The boys
Nightingale

1
Vought didn’t so much recruit Nightingale as they quietly purchased her future in installments—signed, notarized, and slipped under a stack of nondisclosure agreements her parents never fully read. A briefcase of money has a way of turning ethical hesitation into “just one small injection.” Compound V went in; accountability went out. The official story calls her a “rising aerial asset.” The unofficial one is that she’s what happens when corporate optimism meets a complete absence of guardrails.

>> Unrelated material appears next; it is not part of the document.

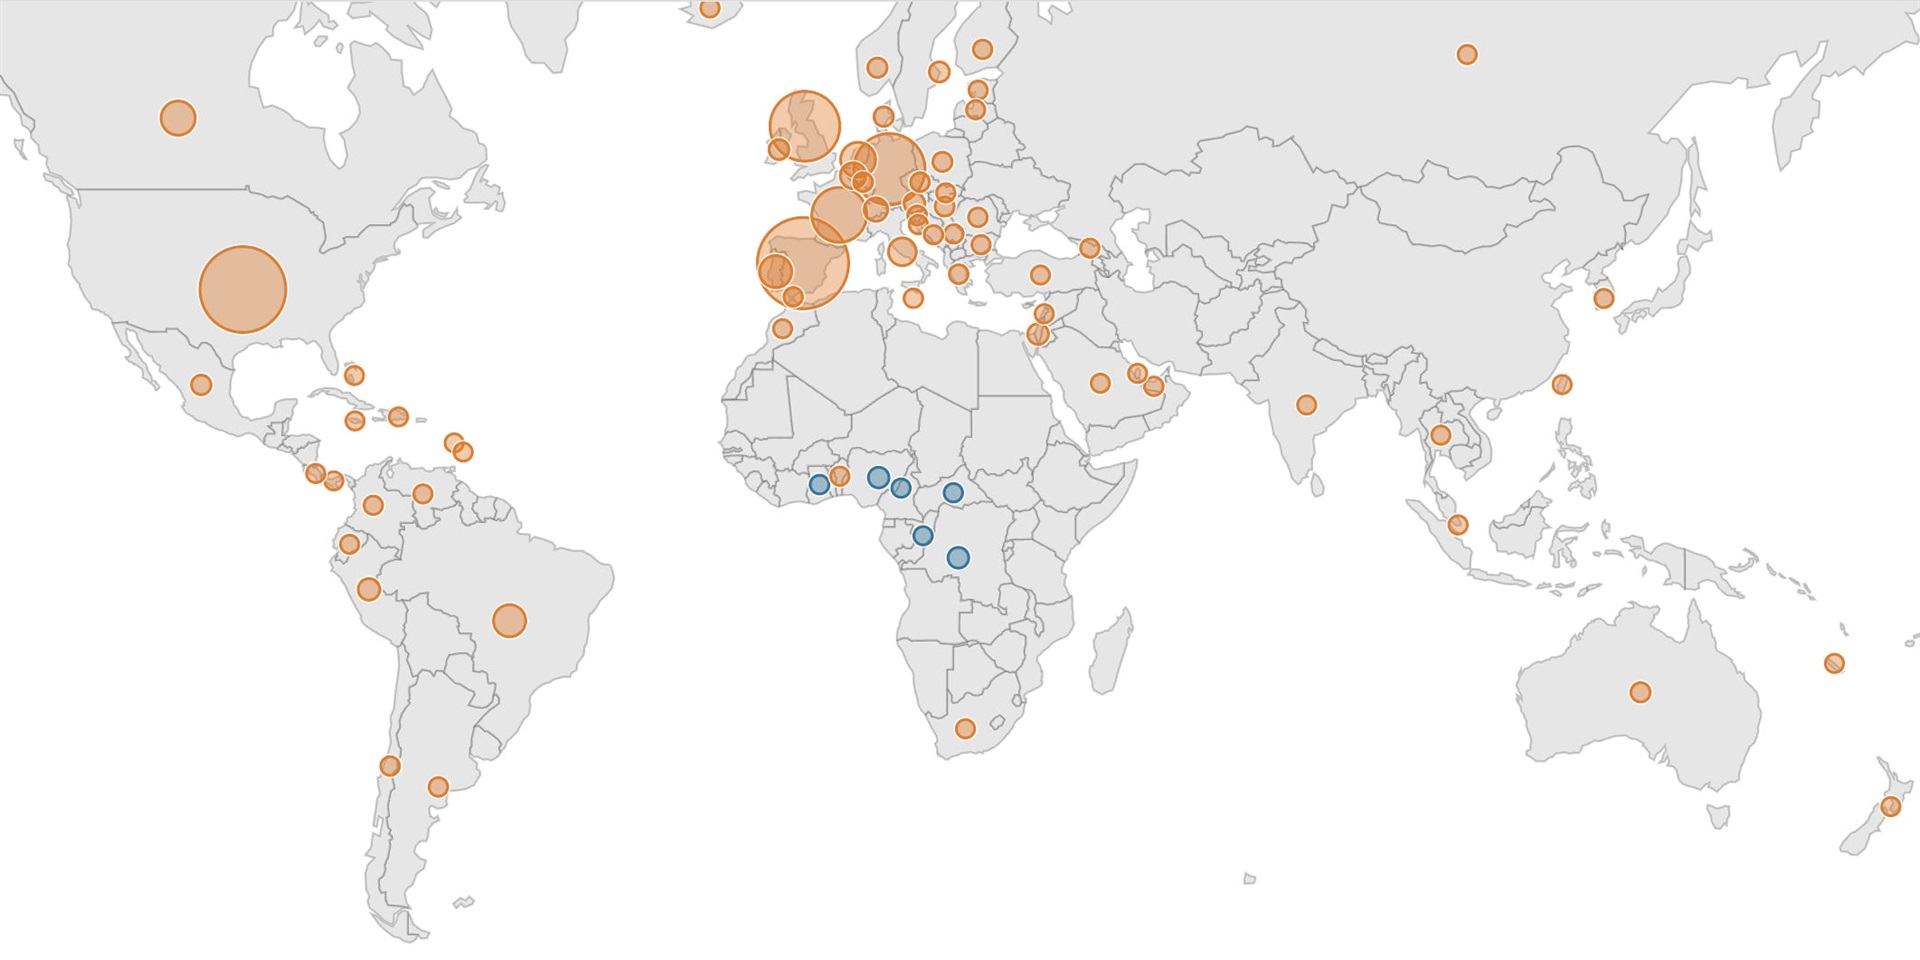 This map shows reported cases of monkeypox in teh 2022 outbreak. Blue circles: countries that have historically reported monkeypox, orange circles: countries that have not historically reported monkeypox. CDC

Her name is a joke, of course. Nightingale doesn’t sing—she mimics. Perfectly. Flawlessly. She can reproduce any cry she’s ever heard: a baby’s wail, a grieving widow, a soldier calling for help, the exact voice of someone you love begging you not to hang up. It’s a power tailor-made for manipulation, and she uses it with the casual indifference of someone who never learned the difference between performance and cruelty. If you hear something that makes your chest tighten, there’s a decent chance it’s her, practicing.

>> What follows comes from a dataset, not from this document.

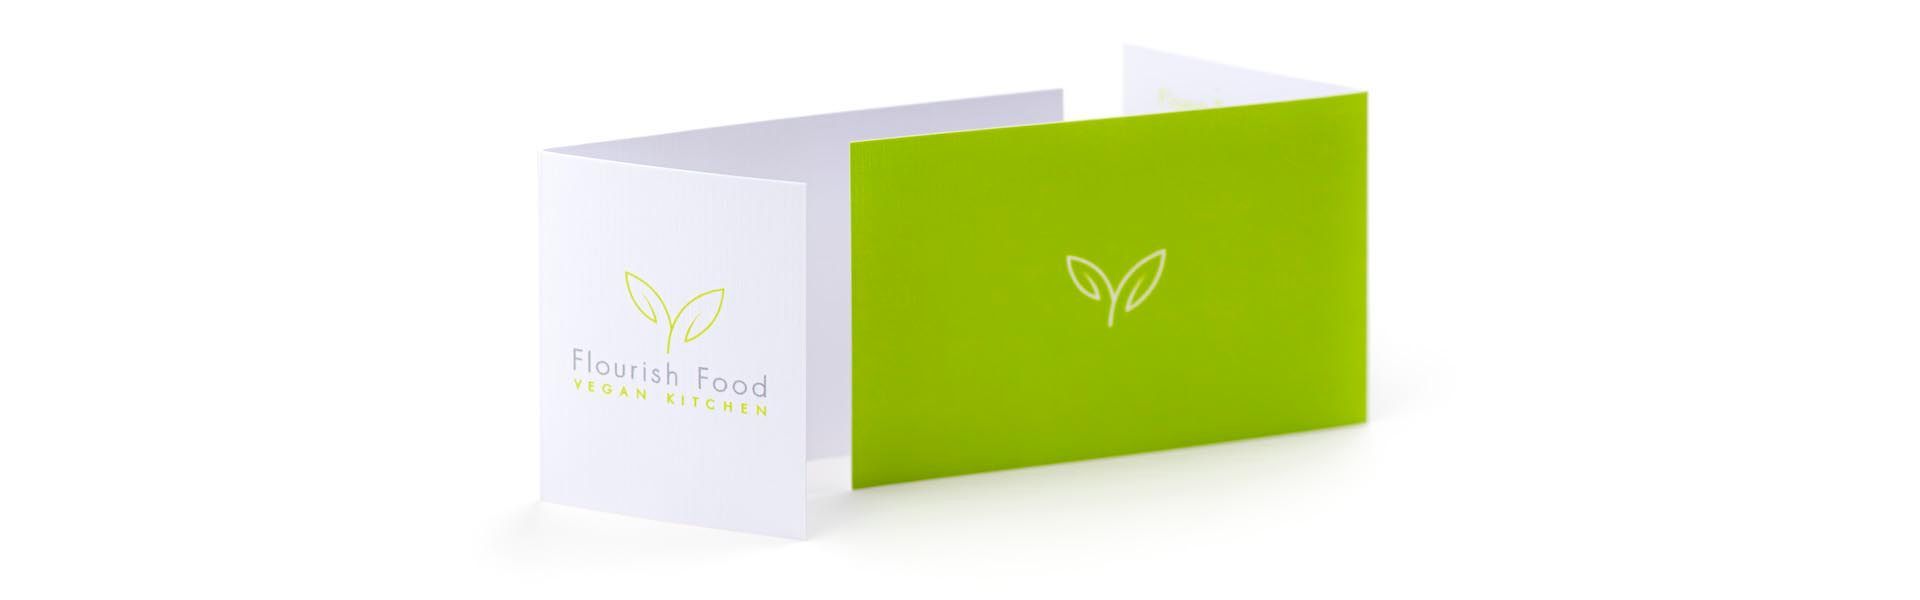 a green and white card for flourish food vegan kitchen

Flight is the boring part. She can hover, soar, cut across skylines like a marketing campaign with a body count. Vought loves that. Clean visuals. Hero shots. Ignore the fact that she prefers to circle above emergencies not to help, but to listen—cataloging fresh sounds for later use. Pain has texture. Fear has pitch. She’s building a library.
She’s not in the Seven. Not officially. But give it time. Her PR scores are climbing, her “incident reports” are being reclassified as “miscommunications,” and her handlers have learned that it’s easier to steer her appetites than to restrain them. Morality, to Nightingale, is a branding exercise—something you wear when the cameras are on and shed the moment the microphones cut.
If you ever hear your own voice calling out to you from somewhere it shouldn’t be, don’t answer. She’s not looking for conversation. She’s looking for rehearsal.